April promises to shower listeners with heavy-hitting hip-hop, pop, country and rock releases. From Metro Boomin and Future's upcoming collab, to TOMORROW x TOGETHER's new minisode, get your April 2024 playlist ready with 15 exciting new releases.

GRAMMYs/Apr 1, 2024 - 01:24 pm

This year, April brings more than just showers to beget May flowers. Instead, there must be something in the stars: In the fourth month of 2024, four artists are releasing their fourth studio albums. These are pop-rock band X Ambassadors’ Townie, R&B singer Bryson Tiller’s Bryson Tiller, rapper PartyNextDoor’s P4, and Irish rockers Picture This’ Parked Car Conversations.

Numerology aside, April will also contemplate exciting new works from pop masters Taylor Swift, whose The Tortured Poets Department drops mid-month, and St. Vincent’s All Born Screaming, country star ERNEST’s Nashville, Tennessee, jazz master Kenny Garrett and electronic producer Svoy’s What Killed AI?, and — allegedly — the second part of Future and Metro Boomin’s first joint-effort, We Don’t Trust You.

There’s music for all tastes ready to fill your playlists for the rest of the year. Read on for 15 of the most exciting albums dropping in April 2024.

TOMORROW X TOGETHER - minisode 3: TOMORROW 

Release date: April 1

Luckily, fans of the K-pop quintet TOMORROW X TOGETHER (TXT) rarely have to wait for new music. Six months after releasing their third studio album, The Name Chapter: Freefall, the group is gearing up to release minisode 3: TOMORROW.

The seven-song EP is fronted by upcoming lead single "Deja Vu," which is said to mix trap, rage, and emo rock into their signature emotional intensity, as per a press release. The other tracks continue to expand the group’s versatility, experimenting with pop rock, house, and acoustic guitars. 

As usual, the concept of the album is connected to TXT’s overarching lore, and features several references to their past works — track "- --- -- --- ·-· ·-· --- ·–," for example, evokes their debut era where Morse Code was used in teasers and in the single "Crown."

TXT will embark on their Act: Promise World Tour starting May 3-5 in Seoul, South Korea, and then head to the U.S. for 11 shows across the country, including two dates at New York’s Madison Square Garden.

Conan Gray - Found Heaven

Release date: April 5

Gen Z popstar Conan Gray has Found Heaven. After 2022’s Superache, his upcoming third album was co-produced by legendaries Max Martin, Greg Kurstin, and Shawn Everett, among others.

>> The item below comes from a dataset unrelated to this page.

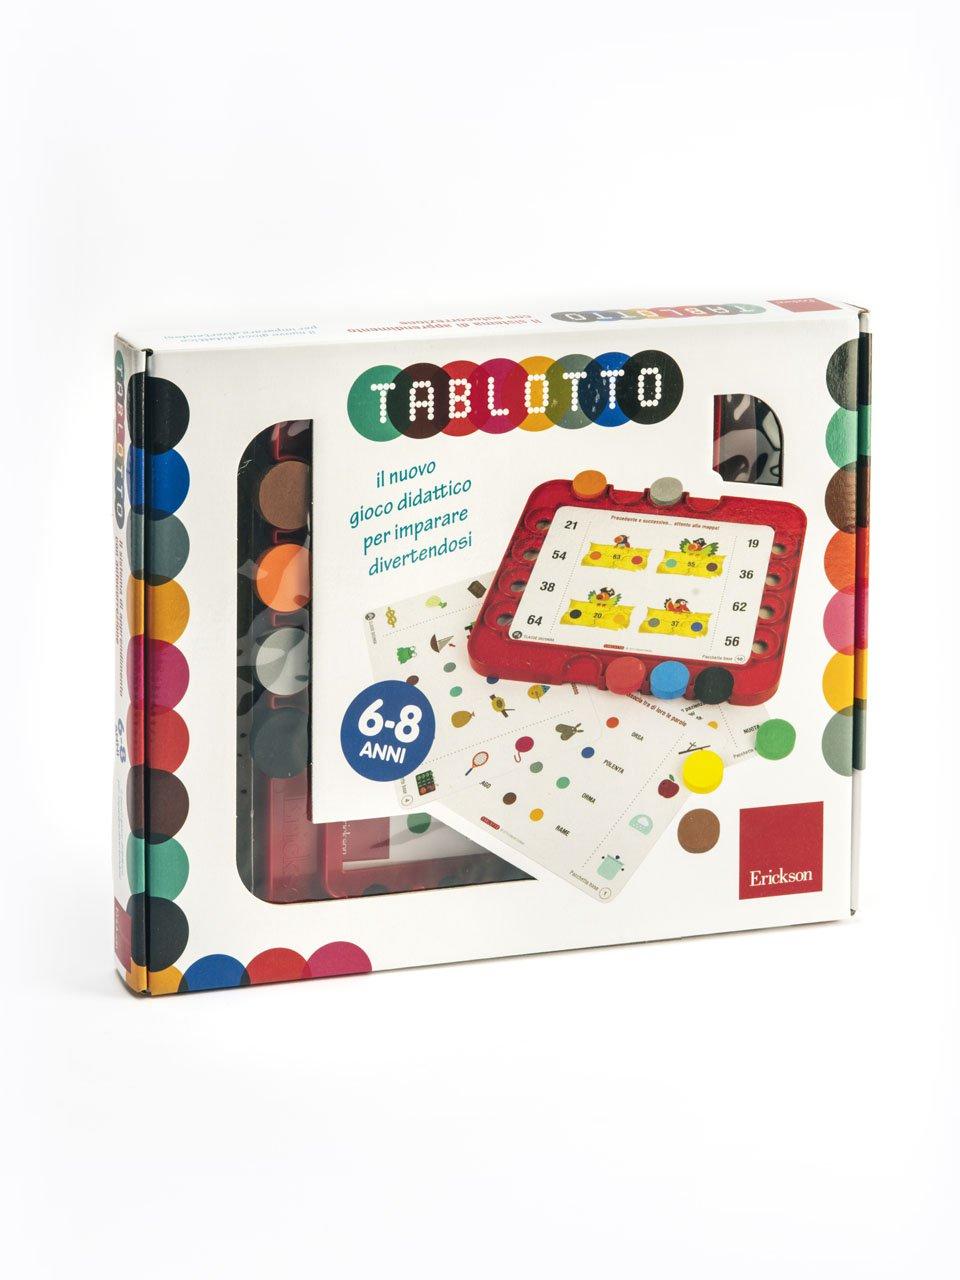 Tablotto (6-8 anni) - Sillabe in gioco - Giochi - Erickson

Gray had been teasing the 13-track record since last year with a slew of buoyant, '80s-tinged singles ("Never Ending Song," "Killing Me" and "Lonely Dancers") and poignant, Elton John-esque ballads ("Winner," "Alley Rose"). "When I was making the album, I was really obsessively listening to music of that era," he explained to NME. "I think also, because it was a deeply emotional time, I was almost hiding from reality. I didn’t listen to a song from the 2020s during the making of this album."

To celebrate this new, holy era, Gray will be touring Australia in July, North America in September and October, and Europe and the UK in November. "I want people to know that I was having fun and goofing around, and I want you to smile and I want you to feel like you can just be yourself," he added. "I just want the album to be a reminder to people that you can be so many things all at once."

Sinkane - We Belong 

Release date: April 5

Ahmed Gallab, the Sudanese American multi-instrumentalist behind Sinkane, has built his discography resisting musical genres. We Belong, his upcoming eighth studio album, is no different: it combines pop, funk, electronic, afrobeats, disco, and more into "a love letter to Black music," per a press release.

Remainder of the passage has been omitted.